In attempting to understand and compare the “total cost of ownership” (TCO) associated with these alternative solution models, care must be taken to ensure that the comparisons are made on equal footing – and include both explicit and implicit (or internal) costs. In addition to a comparison of direct software and hardware costs (including maintenance and upgrades), everything from technical and functional support to power consumption and space utilization should be captured. Of the alternatives, SaaS provisioning reduces the number of dimensions of cost down to functional support and the purchase of direct services – and, as will be noted later, without concern for usage levels, growth, upgrades or completeness of features and functionality.

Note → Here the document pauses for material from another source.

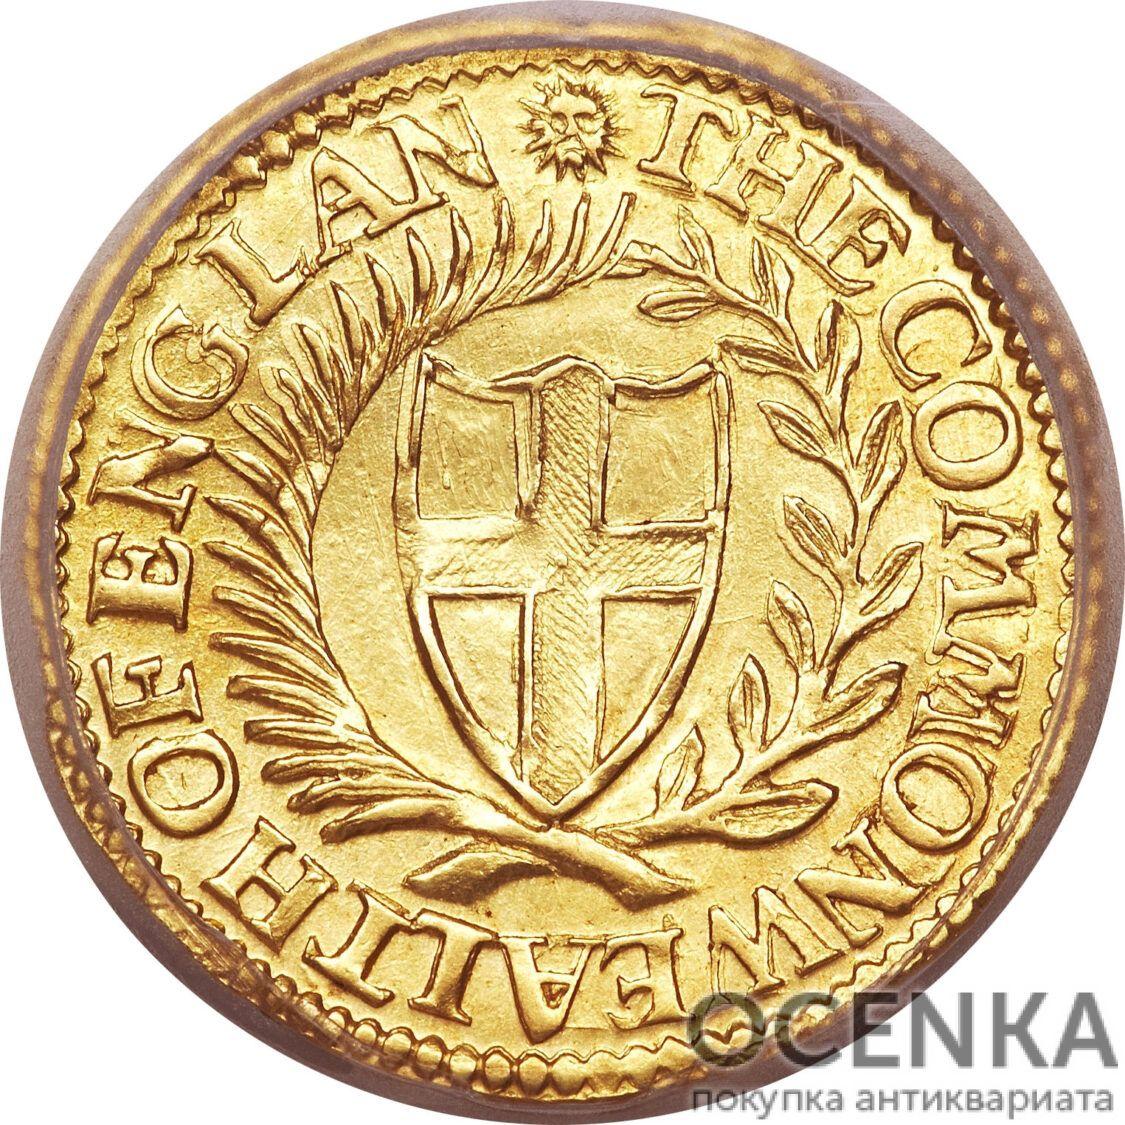 Золотая монета 1 Crown (крона) Великобритания - 10

The intuition that costs of SaaS-based provisioning is significantly lower is carried in practice and predicated on the fact that there are many fewer “moving parts” to account for.
Given the expectation of a persistent, three-to-five year institution-wide commitment to a solution, the procurement of course and learning management systems anticipates buy-in and commitment from all potential users and support areas. While the compilation of requirements
is usually inclusive of the diverse needs of all participating constituencies, realized features and functionality are limited by the selected vendor’s scope of offerings. With an interest in developing “uniformity” and “consistency” of user experience and standardization of support services, all institutional users are limited by the final selection relative to pedagogical and disciplinary fit.

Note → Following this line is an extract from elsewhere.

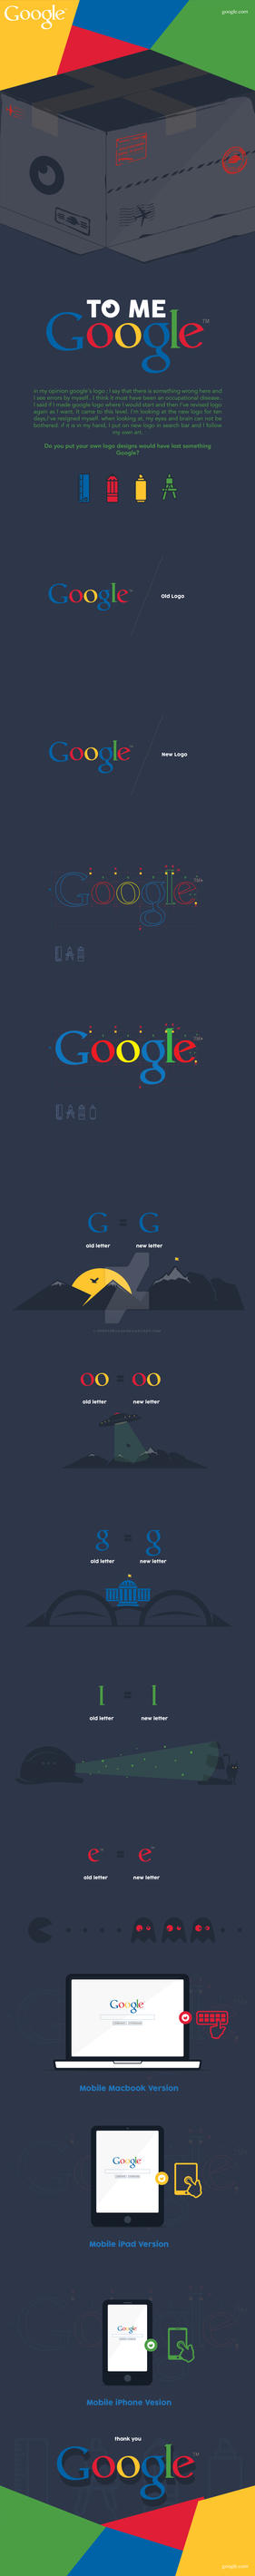 Google in my opinion! by operadevil69

Governance is also important beyond initial selection and deployment. Post-implementation, a governance environment will ensure the participation of all user constituencies in providing guidance to those charged with maintaining systems and planning for upgrades and maintenance. As the product characteristics change, the decision to develop and deploy new features must be made with appropriate vetting and approval – further complicating governance. Product development typically leverages the input of user groups through conferences and product development sessions where vendors gain insights into the relative priorities of users and are thereby able to more effectively prioritize their product development efforts. This sort of development strategy results in innovation and development cycles that are manageable for both vendors and institutions.

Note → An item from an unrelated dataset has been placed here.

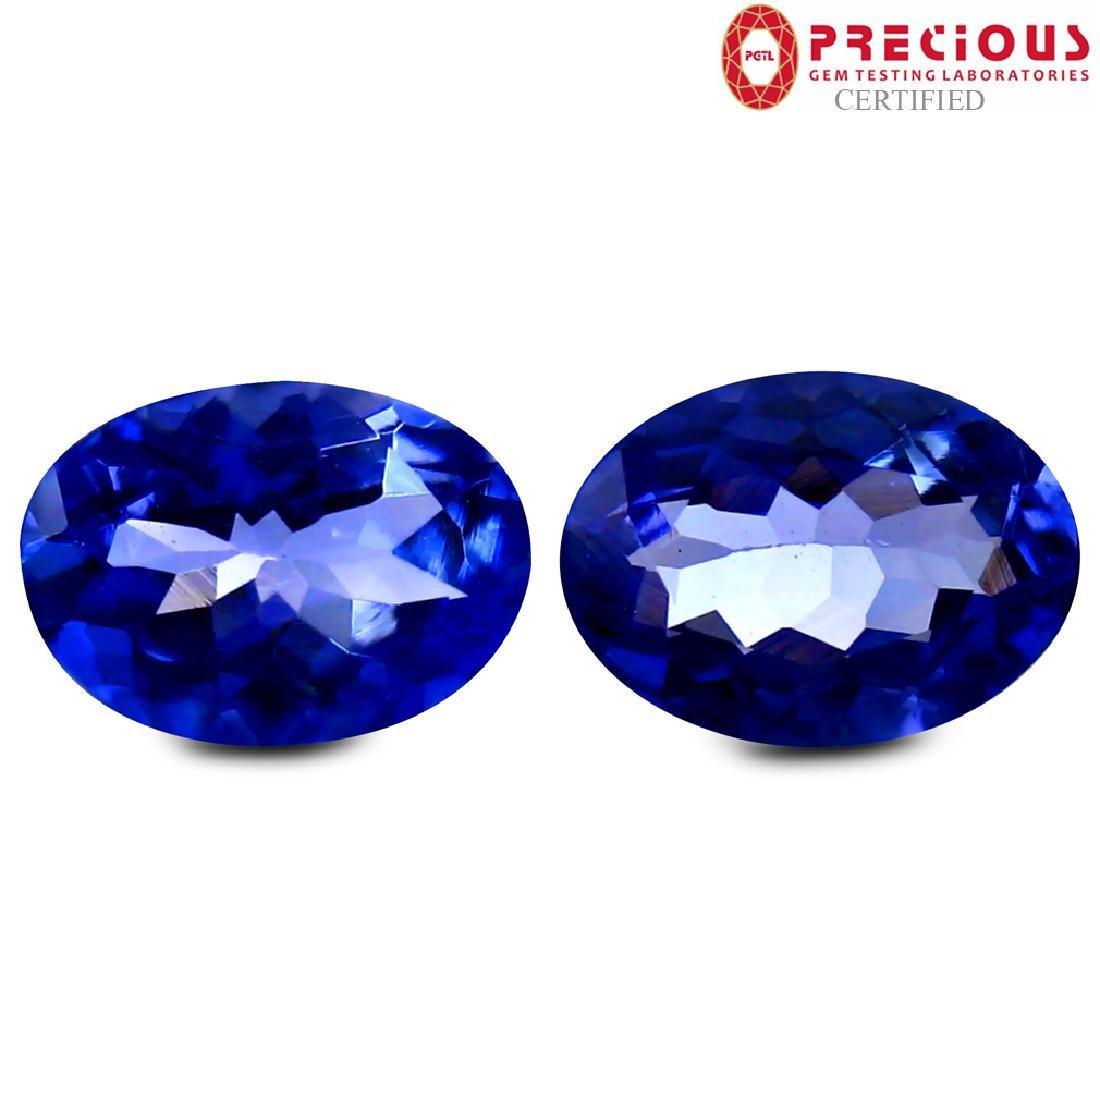 2.01 ct PGTL Certified Valuable Oval Shape Purplish

Proprietary stand-alone LMS solutions have facilitated the growth of online and hybrid teaching and learning applications. As a consequence of that growth in usage and their greater familiarity with technology-enabled teaching and learning, faculty and students have developed a greater appetite for specialized and focused features that support their respective pedagogical and discipline-based learning needs. It is also true that course-management, teaching support and learning support are now rather distinct and separately definable feature sets that, while needing integration at some level, can be quite separately provisioned and used. At the technical level, enhanced tools have emerged to support ubiquitous and independently provisioned identity, data and content management tools that are readily integrated into other application environments, including LMS applications. Although support for modular or component-based services has increased in recent years, in traditional LMS solutions, the separation between these divergent uses is poorly articulated in favor of back-end integration.